ECLI:NL:GHAMS:2021:3189

Gerechtshof Amsterdam

Datum uitspraak
7 juli 2021
Publicatiedatum
25 oktober 2021
Zaaknummer
23-000865-20
Instantie
Gerechtshof Amsterdam
Type
Uitspraak
Rechtsgebied
Strafrecht
Procedures
  • Hoger beroep
Vindplaatsen
  • Rechtspraak.nl
AI samenvatting door LexboostAutomatisch gegenereerd

Hoger beroep tegen vonnis rechtbank Amsterdam inzake strafzaak met MDMA

Dit arrest is gewezen door het gerechtshof Amsterdam in hoger beroep tegen het vonnis van de rechtbank Amsterdam van 10 maart 2020. De verdachte, geboren in 1987, was eerder veroordeeld tot een gevangenisstraf van 21 maanden, waarvan 9 maanden voorwaardelijk, voor het voorhanden hebben van een grote hoeveelheid MDMA. In hoger beroep heeft de advocaat-generaal een gevangenisstraf van 18 maanden geëist, waarvan 12 maanden voorwaardelijk.
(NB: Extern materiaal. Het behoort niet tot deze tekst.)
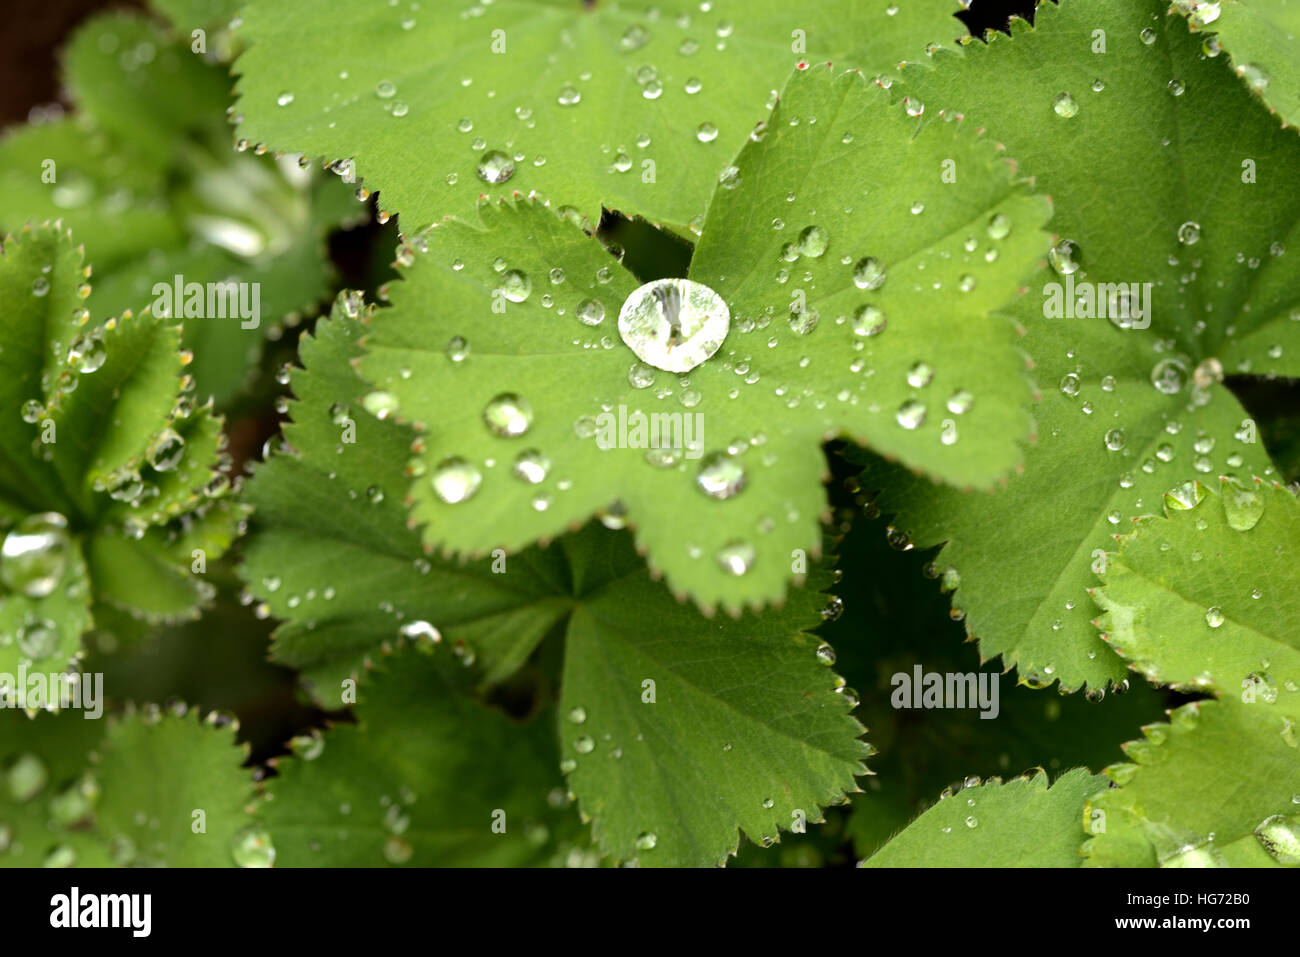 water droplets on green plant leafs. Stock Photo

De verdediging heeft gepleit voor strafvermindering vanwege de verbeterde persoonlijke omstandigheden van de verdachte. Het hof heeft de ernst van het feit en de omstandigheden van de verdachte in overweging genomen. Ondanks de ernst van het delict, heeft het hof besloten om af te wijken van een onvoorwaardelijke gevangenisstraf, gezien de positieve ontwikkelingen in het leven van de verdachte. Het hof heeft een onvoorwaardelijke taakstraf van 240 uur en een voorwaardelijke gevangenisstraf van 6 maanden opgelegd. Het vonnis van de rechtbank is enkel vernietigd ten aanzien van de opgelegde straf, terwijl het voor het overige is bevestigd. De beslissing is genomen op 7 juli 2021, waarbij het hof de artikelen van de Opiumwet en het Wetboek van Strafrecht heeft toegepast.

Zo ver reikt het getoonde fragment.